Кофе кончился, на дне чашечки остался темно-коричневый осадок. Оснований подозревать кого-то конкретно у Варяга не было. А гадать на кофейной гуще было не в правилах вора в законе. Здесь нужны иные методы…
Глава 35
Слава Петров неспроста считался мастером перевоплощения. В школе он играл в художественной Самодеятельности и своими способностями выгодно отличался от прочих сверстников. Особенно ему удавались роли сказочных злодеев — Бабы Яги, Кощея Бессмертного, Змея Горыныча. Первоклашки, взиравшие на Славу из зала, чуть ли не визжали от страха. Даже когда он переодевался в обычный костюм и чинно шел к выходу из клуба, детвора разбегалась от него в стороны-. Именно после одного из спектаклей к Славе намертво приклеилась кликуха Горыныч, которая весьма подходила к его внешности, особенно к мимике: злобный самоуверенный оскал неприятно поражал каждого, кто видел Славика впервые.
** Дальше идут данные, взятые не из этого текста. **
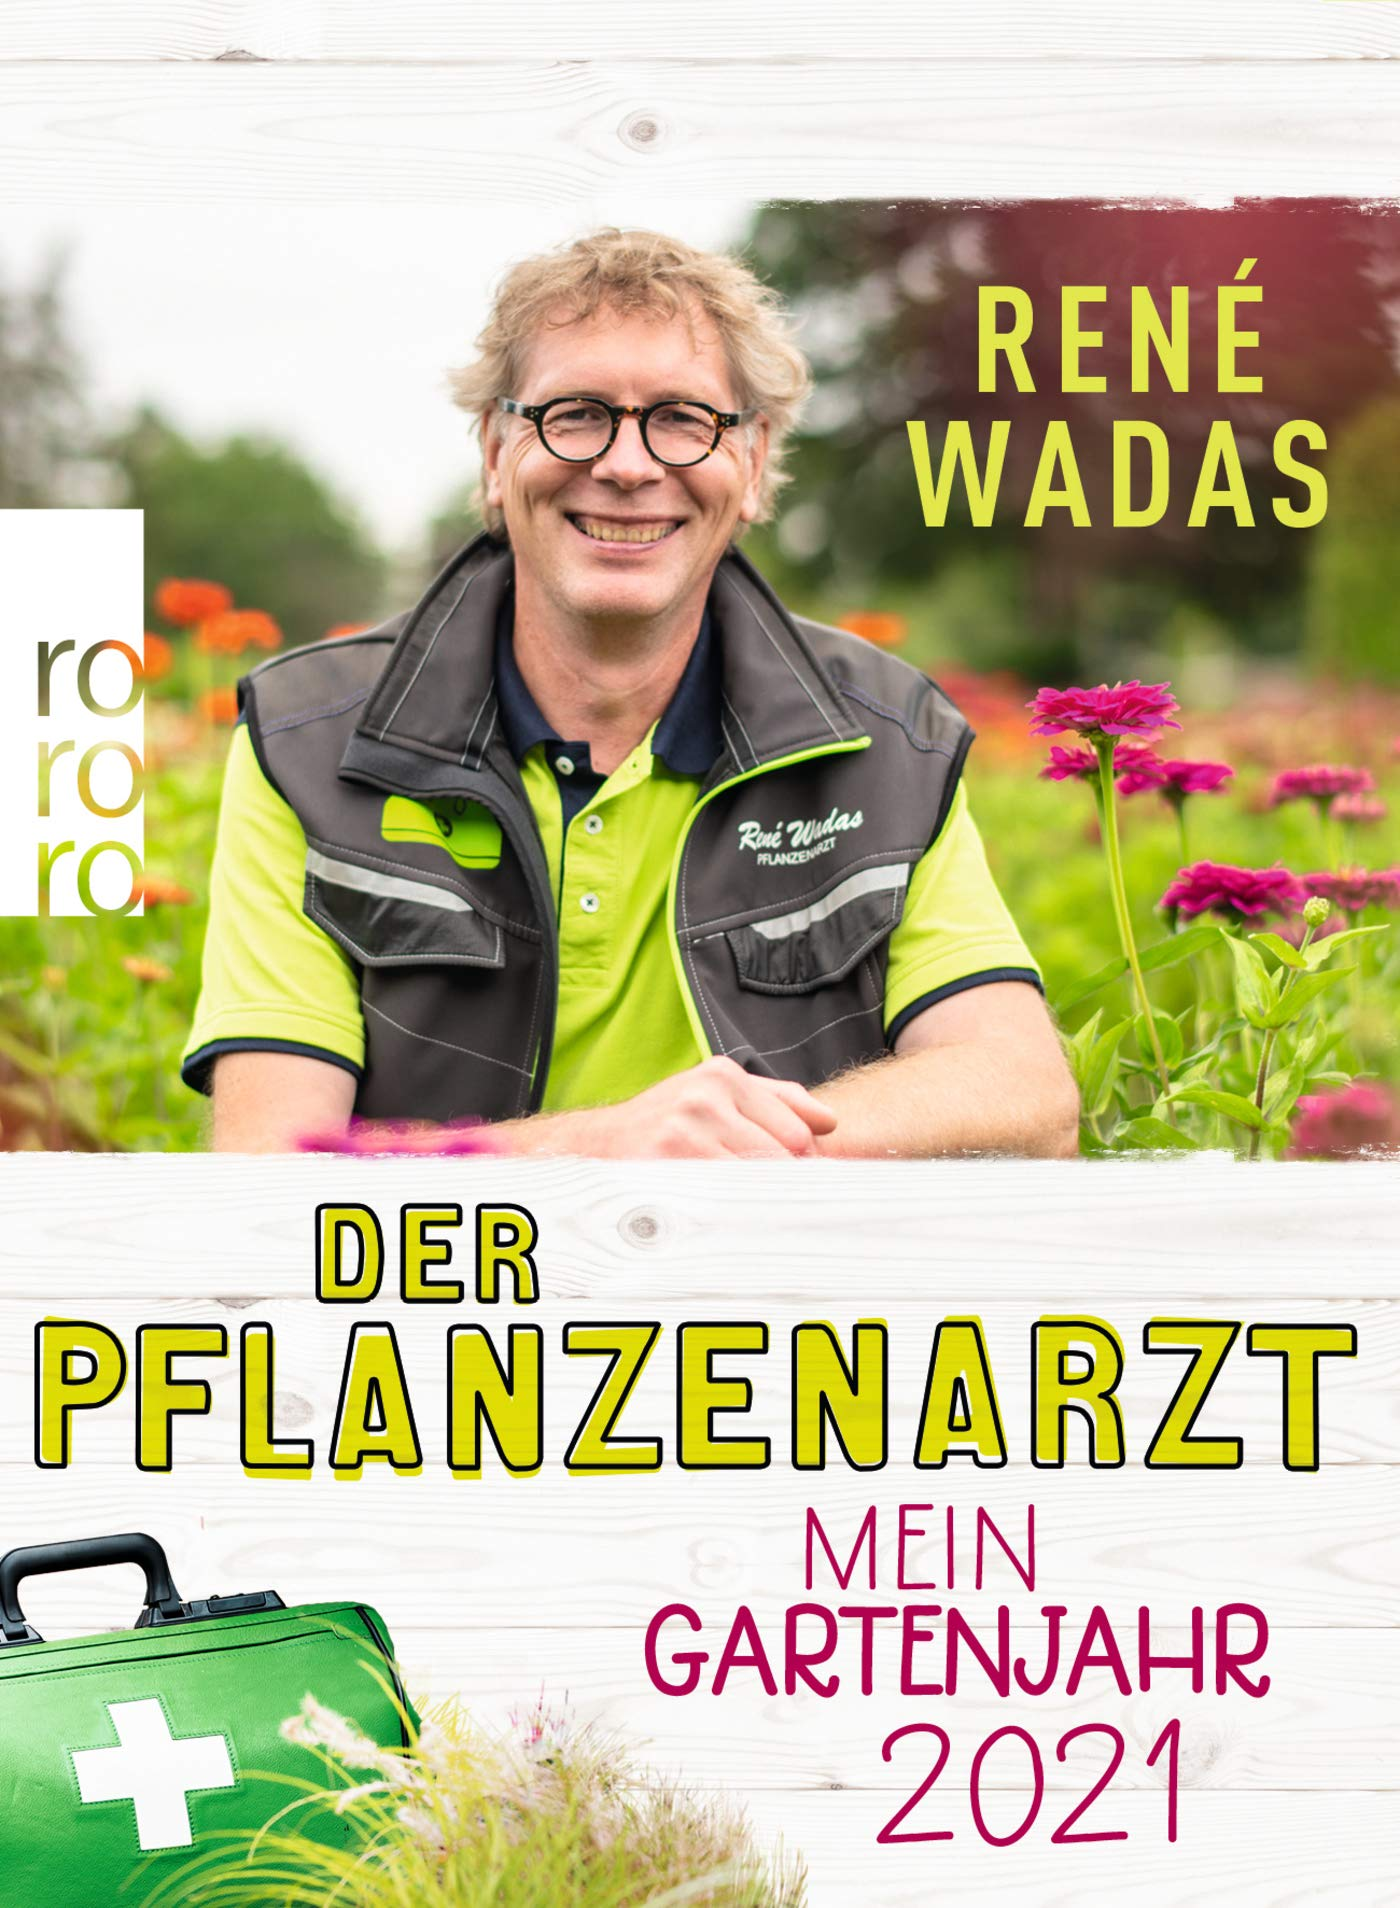 Der Pflanzenarzt Mein Gartenjahr 2021 Amazon De Wadas Rene Bucher

После школы Славик всерьез решил ехать в Москву для совершенствования актерского мастерства. Он подал документы в ГИТИС. Он довольно легко преодолел два тура, шумно отмечая на родительские деньги каждую победу в московских ресторанах.
Не. исключено, что через каких-нибудь пять лет он стал бы блистать на лучших театральных подмостках столицы, исполняя характерные роли современных злодеев, если бы один из абитуриентов, с которым он поступал в ГИТИС, не предложил ему покурить «особую» сигаретку! Причем накануне последнего тура. Наркота так стукнула ему по башке, что весь следующий день он пролежал с выпученными глазами на койке в общежитии, напоминая вытащенную на поверхность глубоководную рыбу и абсолютно не чувствуя своего тела. Когда он наконец оклемался, экзамены закончились, интерес к театру у него как-то неожиданно угас, и он посчитал, что играть злодеев в жизни куда практичнее, чем на сцене.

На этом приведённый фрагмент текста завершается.